Le Tourisme expérientiel, un must pour la «nouvelle génération»

Parmi les nouvelles tendances du tourisme, outre la thématisation dont j’ai abondamment parlé durant cet été, il y a le tourisme expérientiel. Vivre des expériences, voilà ce que recherche la jeune génération. Et pour qu’elle cesse de chercher de mauvaises expériences sur la toile et qu’elle revienne vers les agences de voyages, il faut que celles-ci offrent de l’expérientiel. Et pour en offrir, il faut l’organiser.

On aurait pu d’ailleurs appeler cette tendance “tourisme événementiel”, puisque le tourisme sans événement est ennuyeux à mourir. Bronzer idiot, cela peut encore fonctionner pendant trois jours, mais après cela (ou avant), il faut de l’action. Des exemples ?  L’utilisation des cours d’eau est très à la mode. Que ce soit en louant des barques ou même des petits bateaux sans permis, par exemple sur le Canal du Midi ; ou encore en faisant de la planche, plus précisément du paddle sur un fleuve ou sur des canaux comme à Amsterdam ; ou encore en faisant du kayak urbain : si la rivière que l’on descendait d’habitude a perdu de son volume, pourquoi ne pas faire du kayak dans les villes qui ont un fleuve, une rivière, un canal ? Ou des bras de mer, comme c’est le cas à Stockholm. La pratique a du succès à New York et à Copenhague, elle commence à Namur, mais on devrait en voir à Bruxelles, à Liège et partout où il y a de l’eau.

Des activités urbaines se pratiquent de plus en plus grâce à un parcours sur les toits des villes. Michel Culot (VO Organisation) avait proposé cela il y a quinze ou vingt ans, ce n’est donc pas nouveau. Mais maintenant, c’est la mode. On peut pousser jusqu’au parkour, qui consiste à se déplacer dans un quartier en franchissant des obstacles. C’est devenu un sport de rue, spectaculaire et dangereux, souvent même à la limite de la légalité. Mais pour ne pas sortir de celle-ci, il faut un encadrement.

Des parcs d’aventure se localisent maintenant dans les villes : on fait du surf à Montréal, on descend des pentes fortes en pleine ville dans toutes sortes d’engins sur roues… En Belgique, à Dinant, il y a chaque année une fameuse course de baignoires sur la Meuse.

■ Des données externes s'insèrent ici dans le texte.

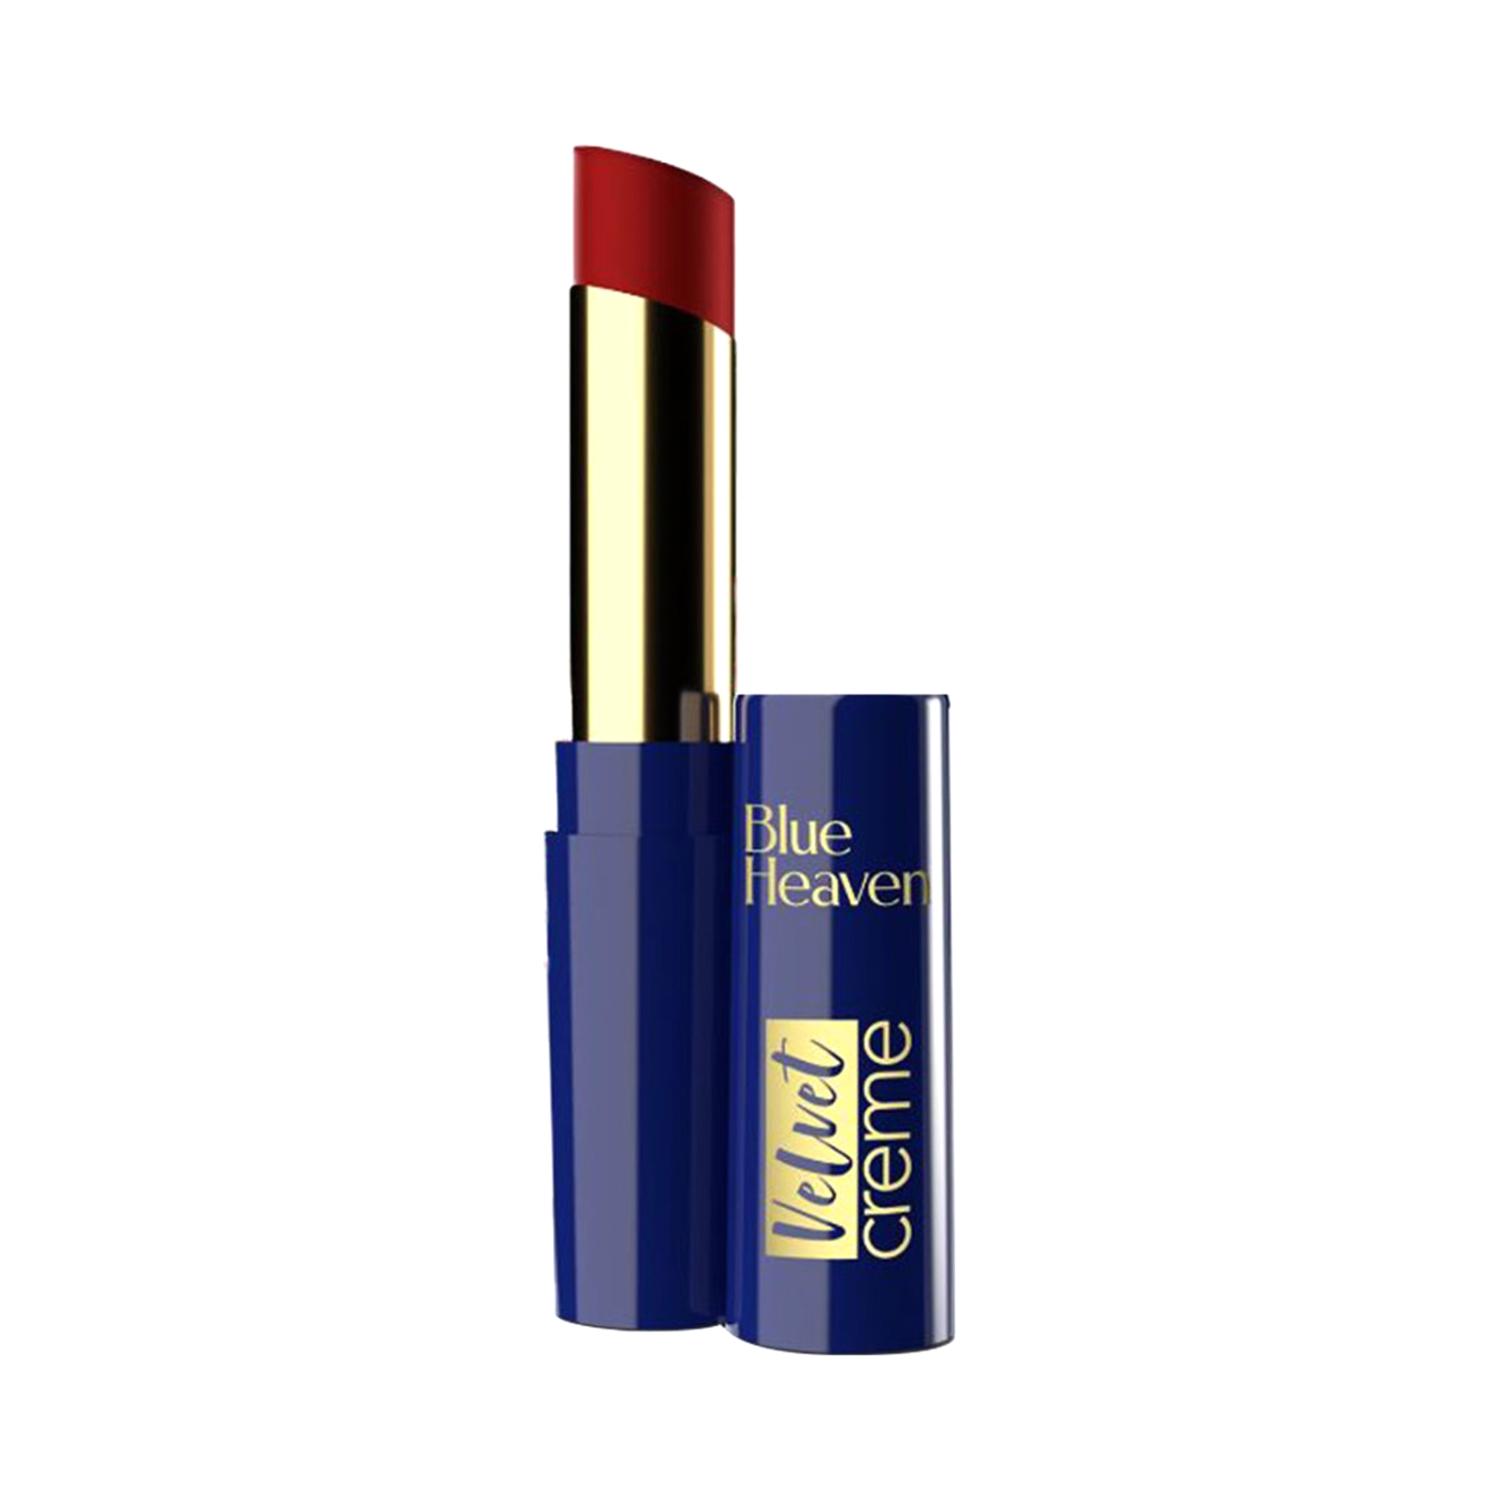 blue heaven velvet creme lipstick - siren red (3.5g)

Et on n’oublie évidemment pas les 24 heures vélo de Louvain-la-Neuve, un événement qui booste le tourisme chaque année.

Le touriste “nouvelle génération” cherche l’aventure, les émotions fortes, les sensations nouvelles. Les agences ne les attireront pas si elles ne proposent pas à cette clientèle une personnalisation en fonction des envies des jeunes. Pourquoi pas en cocréation avec eux, ce qui implique directement le client dans le choix des activités, dans la création même d’un voyage ? Essayons.